IRAs vs. Certificates of Deposit: What’s the Difference?

IRAs vs. Certificates of Deposit: An Overview

An individual retirement account (IRA) can be considered an individual savings and investment account that has tax benefits. An important distinction to make between a certificate of deposit (CD) and an IRA is that the latter is not an investment. Rather, it is an account in which you keep investments, such as stocks, bonds, and mutual funds.

A CD, on the other hand, is a savings instrument that pays a specified interest rate over a defined period and repays the principal when that period ends. You can choose a CD as one of the investments in an IRA.

Key Takeaways

  • An IRA is a tax-advantaged retirement account that holds investments while a CD is a savings instrument.
  • You can only open an IRA by yourself, but you can purchase a CD jointly with someone else, such as a spouse or child.
  • CDs must be held until the maturity date; otherwise, you will have to pay a penalty.

Individual Retirement Accounts (IRAs)

Each person has their own IRA, and spouses always have their own accounts, never a joint account. IRA account holders can choose the investments in their account and change them if desired. The returns from the account depend on the performance of the investments held in the IRA account. An IRA continues to accumulate contributions and earnings until the account holder reaches retirement age, meaning that the person could have an IRA for decades before making any withdrawals.

The Internal Revenue Service (IRS) defines and regulates IRAs. The IRS sets eligibility requirements, limits on how and when you can make contributions, and the amount of required minimum distributions (RMDs) that you must start taking from your traditional IRA accounts when you reach age 70½. The IRS also, of course, determines the tax treatment for the various types of IRA accounts.

As of 2021, the maximum you can contribute each year to your traditional or Roth IRA has not changed since 2019 and is $6,000 ($7,000 if you are age 50 or older) or your taxable income for the year, whichever is lower. Traditional IRA regulations allow you to take early withdrawals (before age 59½) under certain circumstances. Roth IRA regulations are more flexible, allowing you to withdraw contributions at any time as long as you do not withdraw any of the earnings (otherwise penalties apply).

Certificates of Deposit

CDs, on the other hand, are savings instruments issued and administered by banks, credit unions, and brokers. Unlike an IRA, a CD can be jointly owned. For example, you and your spouse or you and your child could own one together.

CDs are usually insured by the FDIC for up to $250,000, but IRAs are not.

CDs are considered one of the safest investments available. They are more conservative than stocks and bonds but offer lower returns. They are also insured by the Federal Deposit Insurance Corporation (FDIC) if they are issued by an FDIC-insured bank.
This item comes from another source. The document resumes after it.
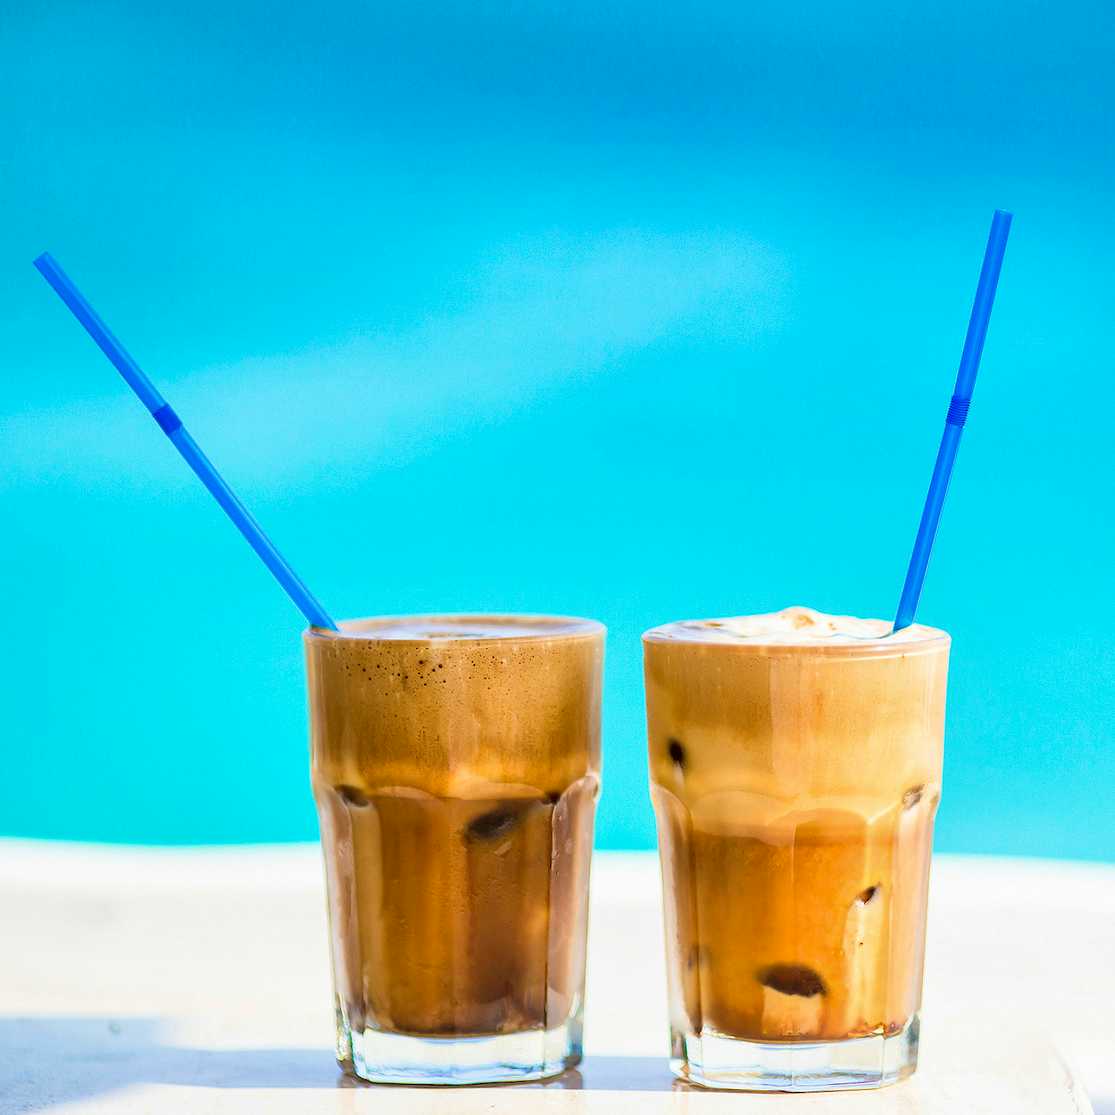 Photo Caption: Have a refreshing iced coffee by the pool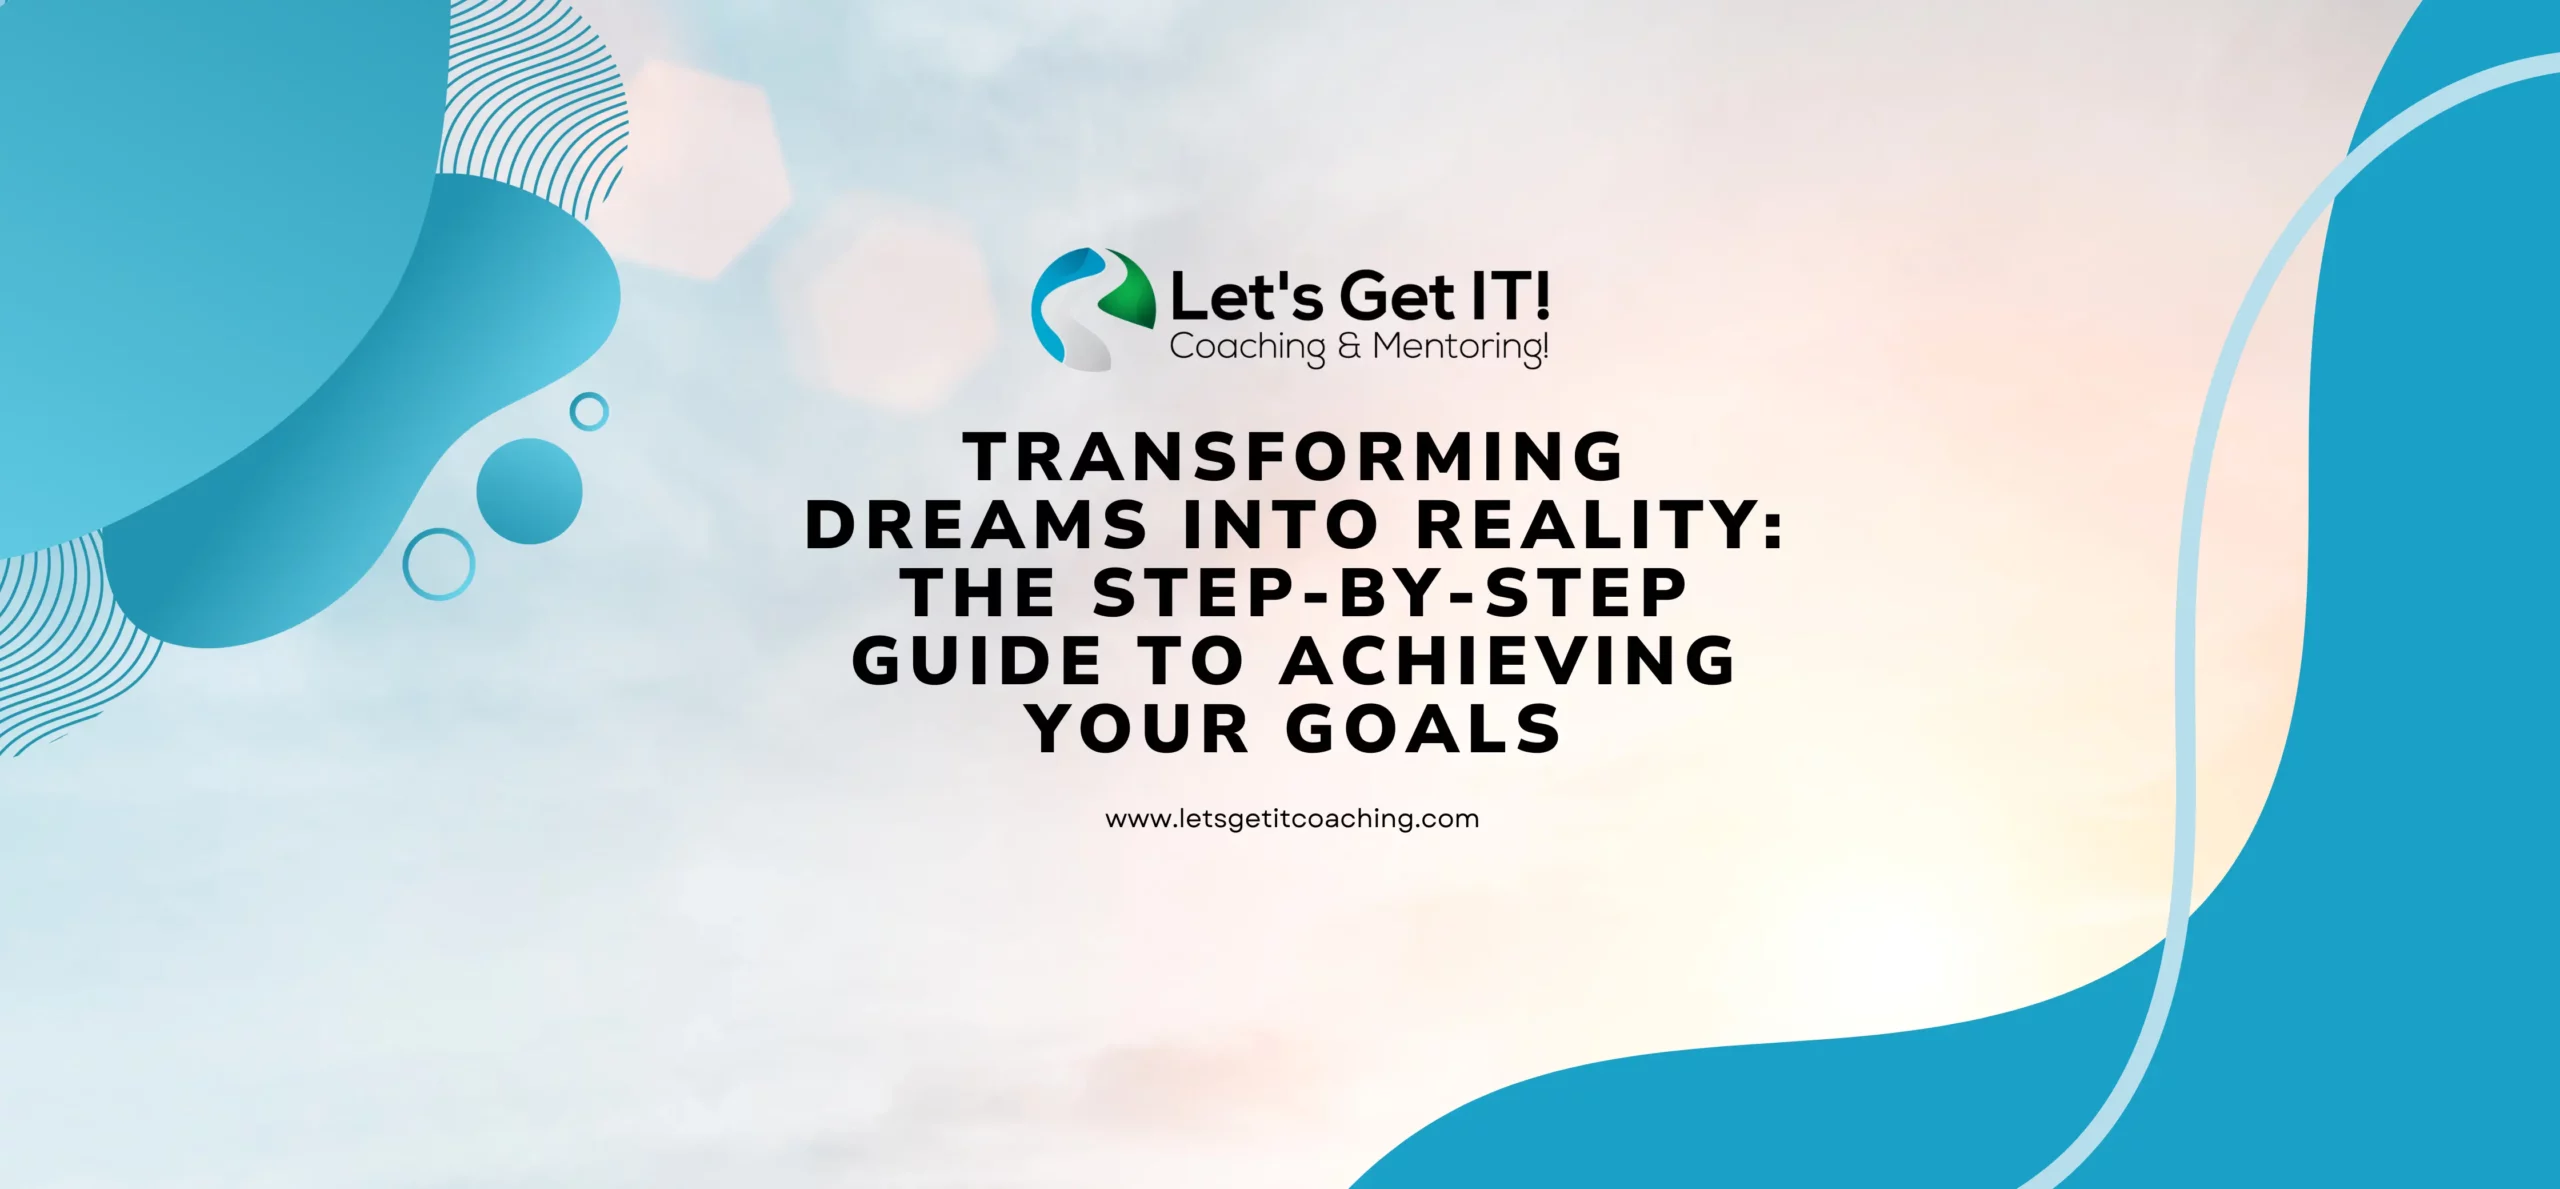 Transforming Dreams into Reality: The Step-by-Step Guide to Achieving Your Goals

CDs pay a specified rate of interest over a defined period and repay your principal at maturity. Therefore, CD owners know how much they will earn over the life of a CD. CDs can be issued in any denomination, and their maturities typically range from one month to five years or longer. However, if you make a withdrawal from a CD before its maturity date, you will owe a penalty.

Advisor Insight

Rebecca Dawson

President – Dawson Capital, San Mateo, CA

IRAs are available to anyone of any age as long as you have earned income. You can invest the funds in your IRA in, but not limited to, stocks, bonds, mutual funds, and CDs.

An IRA is an account that allows an individual to save for retirement with tax-free growth or on a tax-deferred basis, depending on the type of IRA.

A CD is a type of fixed-interest-rate deposit over a set period of time. When that term ends, you can withdraw your money or roll it into another CD.

CDs offer a low return but are among the safest investments a person can make. The interest rate is determined ahead of time. CD owners are guaranteed to get back what they invested, plus interest, once the CD matures. What’s more, if the bank goes under, their deposit is likely insured by the FDIC for up to $250,000.